BEGIN

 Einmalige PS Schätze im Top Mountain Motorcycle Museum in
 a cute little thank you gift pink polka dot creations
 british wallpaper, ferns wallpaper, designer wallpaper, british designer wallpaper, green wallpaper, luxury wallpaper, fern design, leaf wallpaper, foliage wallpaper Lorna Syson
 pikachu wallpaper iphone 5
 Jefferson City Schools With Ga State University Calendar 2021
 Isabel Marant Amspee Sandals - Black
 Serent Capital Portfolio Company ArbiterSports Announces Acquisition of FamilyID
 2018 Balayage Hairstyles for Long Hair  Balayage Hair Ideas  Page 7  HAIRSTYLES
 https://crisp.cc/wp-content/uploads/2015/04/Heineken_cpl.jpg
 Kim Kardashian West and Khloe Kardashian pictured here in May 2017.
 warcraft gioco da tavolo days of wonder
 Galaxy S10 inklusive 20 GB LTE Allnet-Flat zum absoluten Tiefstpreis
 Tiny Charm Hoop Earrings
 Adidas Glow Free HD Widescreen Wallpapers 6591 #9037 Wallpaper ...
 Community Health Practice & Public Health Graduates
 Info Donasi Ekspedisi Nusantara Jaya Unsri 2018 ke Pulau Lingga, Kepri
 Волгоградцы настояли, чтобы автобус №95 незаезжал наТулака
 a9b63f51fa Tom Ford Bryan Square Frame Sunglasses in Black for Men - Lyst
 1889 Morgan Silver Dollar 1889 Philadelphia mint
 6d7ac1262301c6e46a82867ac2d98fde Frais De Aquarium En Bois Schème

END

__TASK ITEM__. Starting with the line that holds "british wallpaper, ferns", copy every line through the end of the data above. Reproduce them exactly, with no other material.

__EXERCISE SOLUTION__.
 british wallpaper, ferns wallpaper, designer wallpaper, british designer wallpaper, green wallpaper, luxury wallpaper, fern design, leaf wallpaper, foliage wallpaper Lorna Syson
 pikachu wallpaper iphone 5
 Jefferson City Schools With Ga State University Calendar 2021
 Isabel Marant Amspee Sandals - Black
 Serent Capital Portfolio Company ArbiterSports Announces Acquisition of FamilyID
 2018 Balayage Hairstyles for Long Hair  Balayage Hair Ideas  Page 7  HAIRSTYLES
 https://crisp.cc/wp-content/uploads/2015/04/Heineken_cpl.jpg
 Kim Kardashian West and Khloe Kardashian pictured here in May 2017.
 warcraft gioco da tavolo days of wonder
 Galaxy S10 inklusive 20 GB LTE Allnet-Flat zum absoluten Tiefstpreis
 Tiny Charm Hoop Earrings
 Adidas Glow Free HD Widescreen Wallpapers 6591 #9037 Wallpaper ...
 Community Health Practice & Public Health Graduates
 Info Donasi Ekspedisi Nusantara Jaya Unsri 2018 ke Pulau Lingga, Kepri
 Волгоградцы настояли, чтобы автобус №95 незаезжал наТулака
 a9b63f51fa Tom Ford Bryan Square Frame Sunglasses in Black for Men - Lyst
 1889 Morgan Silver Dollar 1889 Philadelphia mint
 6d7ac1262301c6e46a82867ac2d98fde Frais De Aquarium En Bois Schème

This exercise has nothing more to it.